The Business Software Alliance (BSA) is calling for a joint crackdown on illegal software use from both the government and the channel to help tackle the UK’s stubborn piracy problem.
A joint study between the BSA and IDC revealed the UK’s piracy levels stood at 27 per cent in 2006 for the third year running, at a cost of $1.67bn to the industry.
Julie Strawson, vice chair, BSA UK committee, said: “The government needs to take action because unless there are more deterrents with significant penalties, no business will put software piracy at the top of their agenda.”
She added that the channel has a major role to play in educating firms on the dangers of illegal software.
“Resellers need to stress how illegal software can bring a network to a halt and is unsupported, cannot be patched or upgraded and will end up wasting time and costing money,” she said. “That is on top of the risk of a significant fine and possible jail sentence if caught using it.”

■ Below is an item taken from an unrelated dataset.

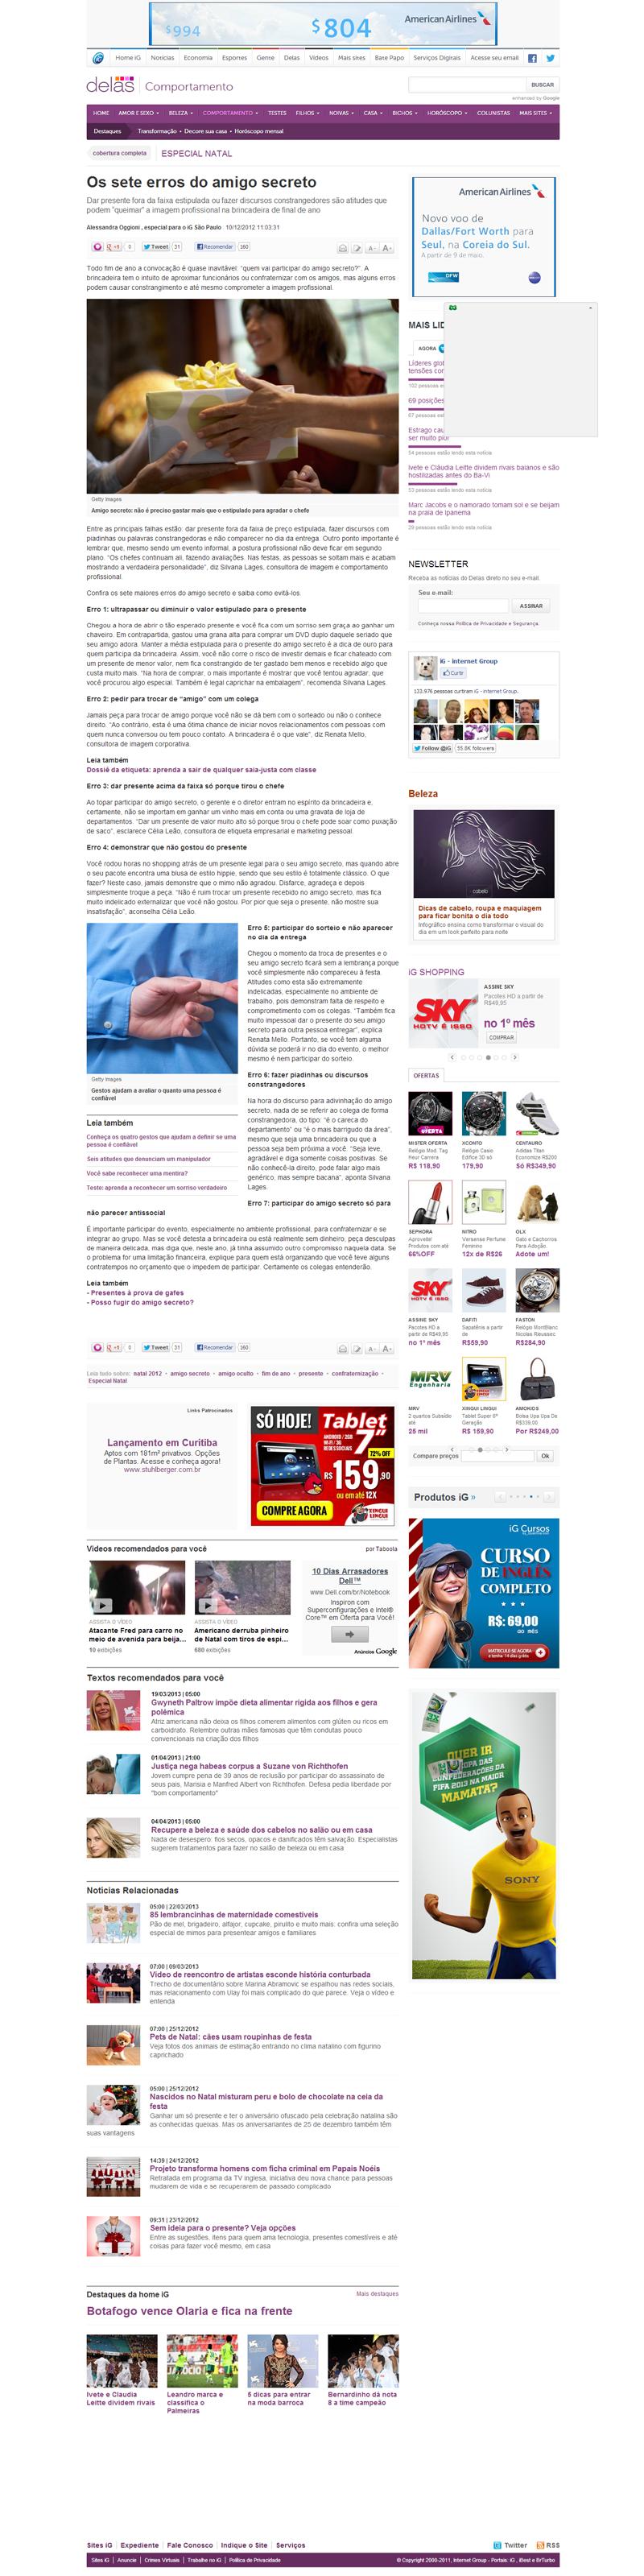 Portal Ig - 15/12/2012 (http://bit.ly/11HPgr5)

Michala Alexander, head of anti-piracy at Microsoft UK, said: “The negative impact of counterfeiting and other forms of software piracy extend from the firms who wrote the software, through the ecosystem of local VARs, down to individual consumers.”

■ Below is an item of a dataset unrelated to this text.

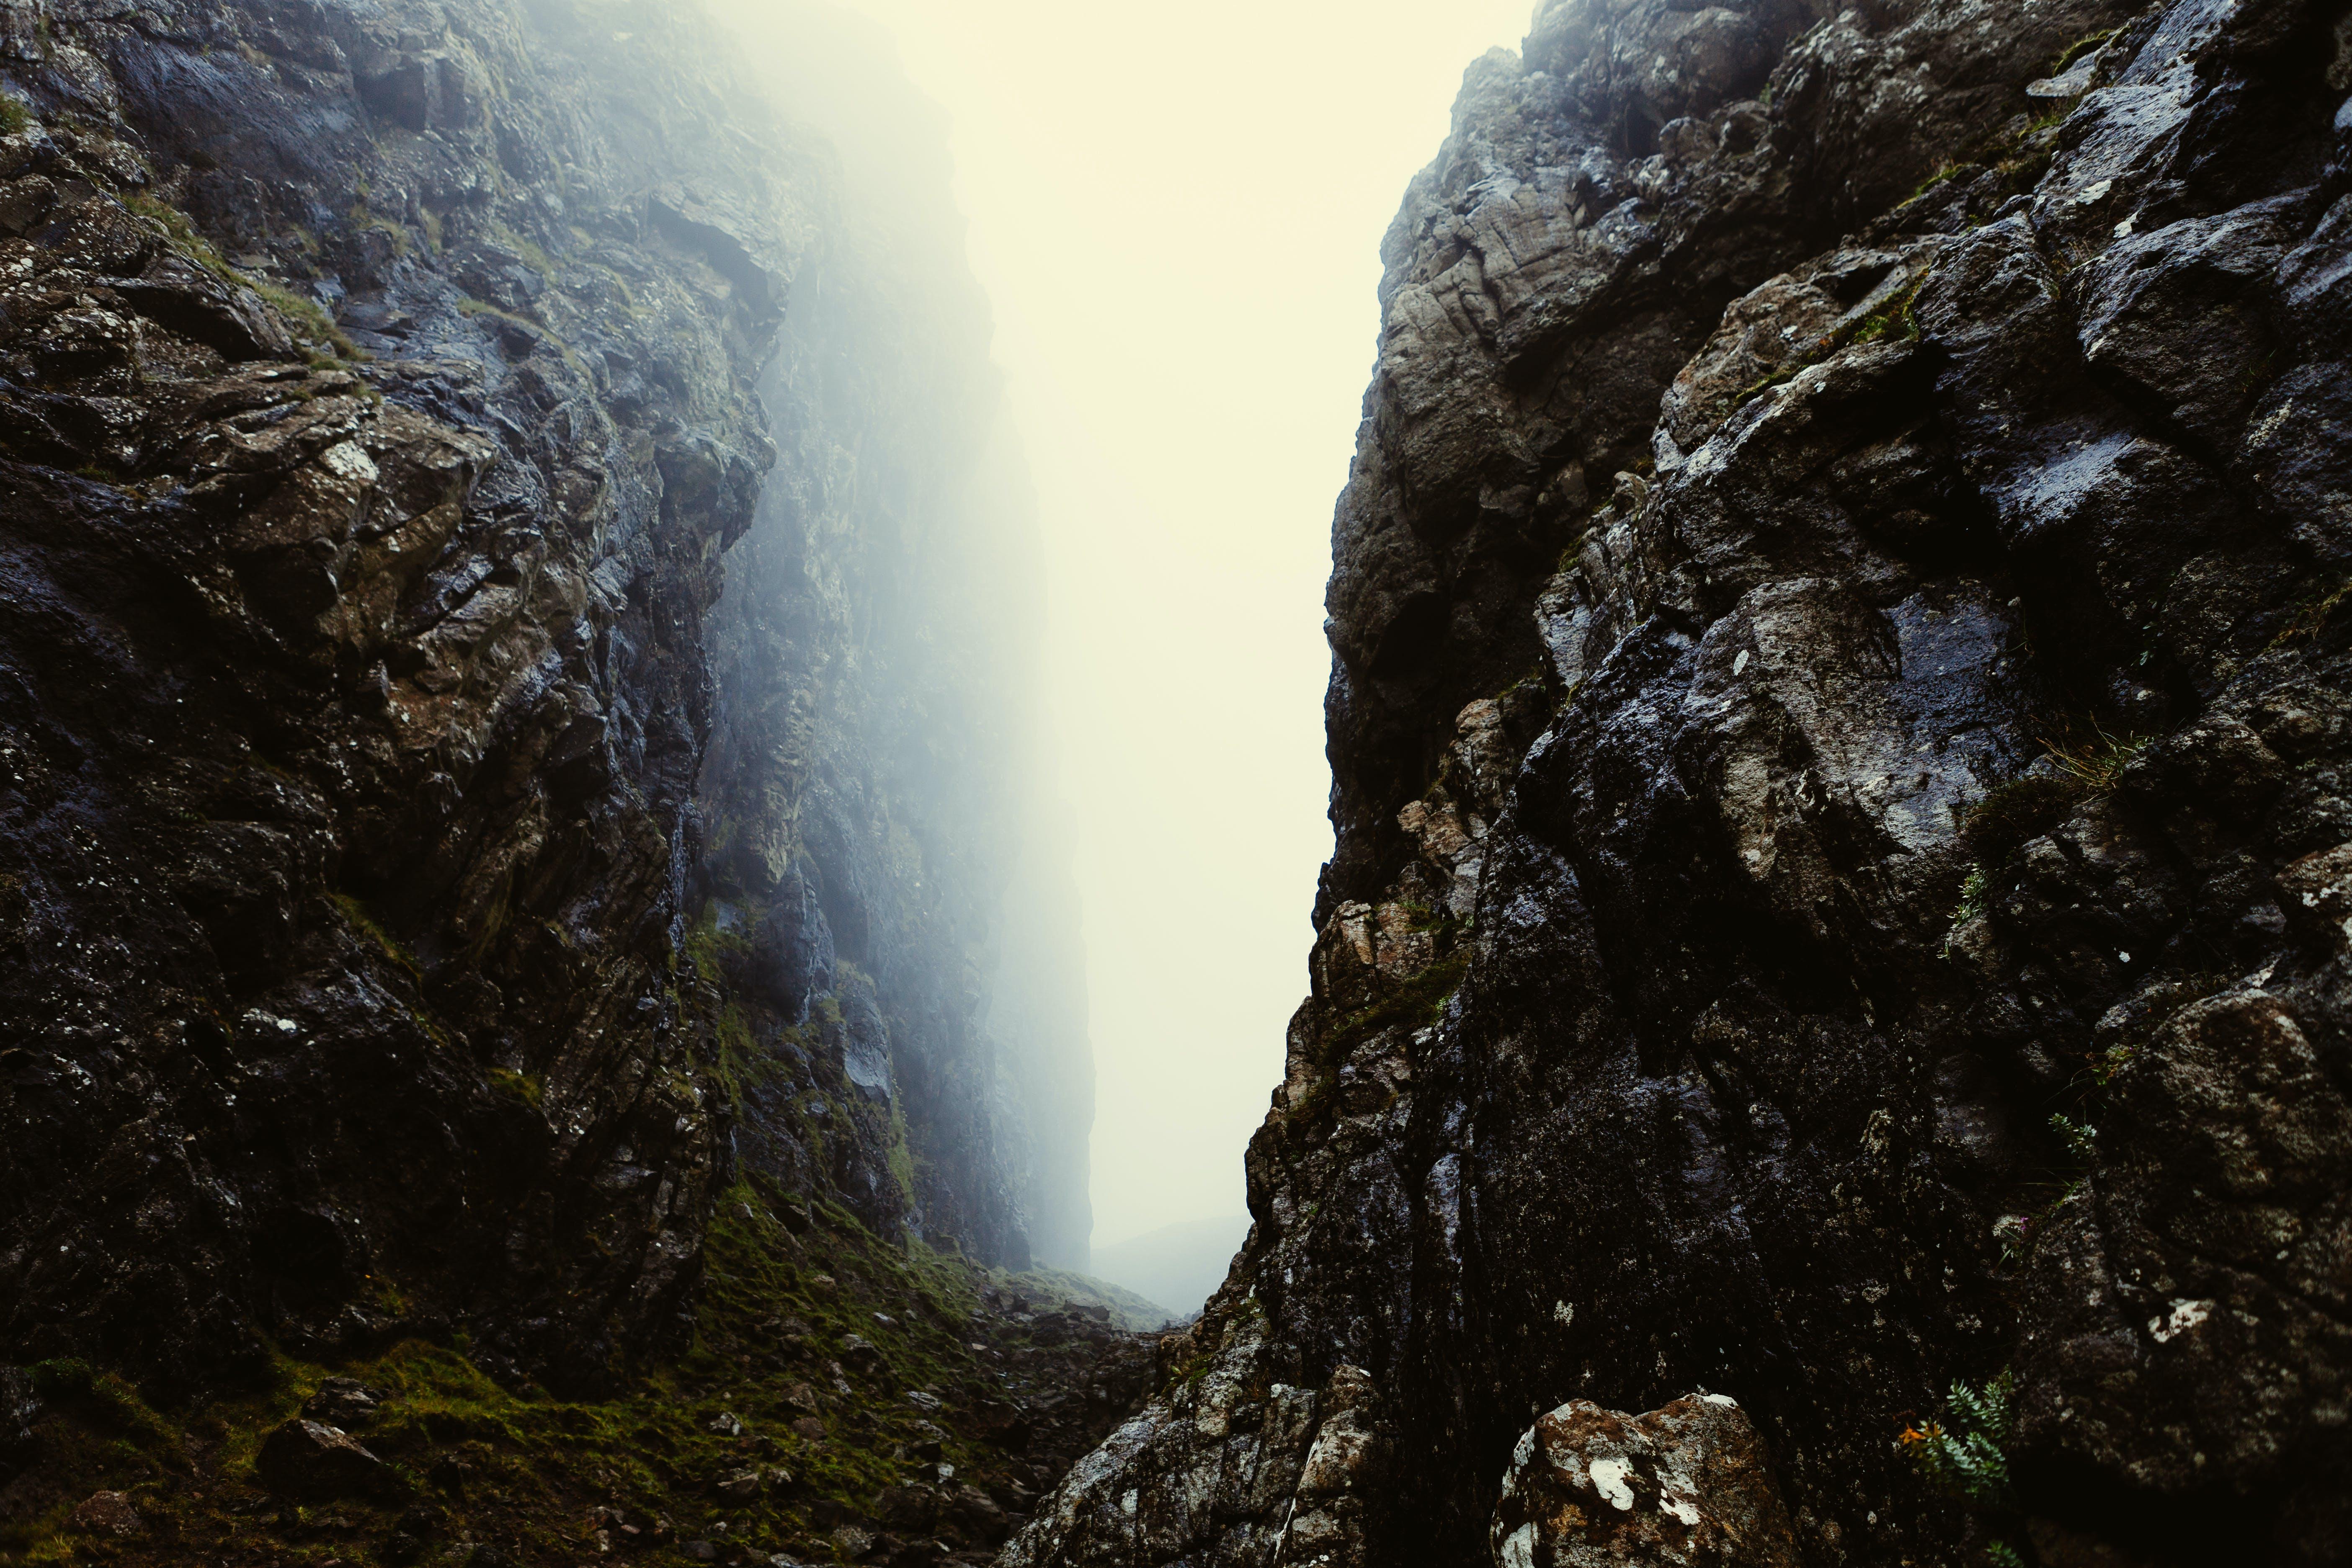 Gratis lagerfoto af klippe, Skotland, sten, sti

Ross Miller, managing director of VAR Trustmarque Solutions, said: “One of the things we see is firms buying up software from Eastern Europe, which more often than not is pirated. The reseller community has to identify and report those companies. This is something we do automatically.”
Miller agreed that more government involvement would help, but also said organisations such as the Institute of Directors and Confederation of British Industry should get involved to educate top level directors about the dangers of piracy.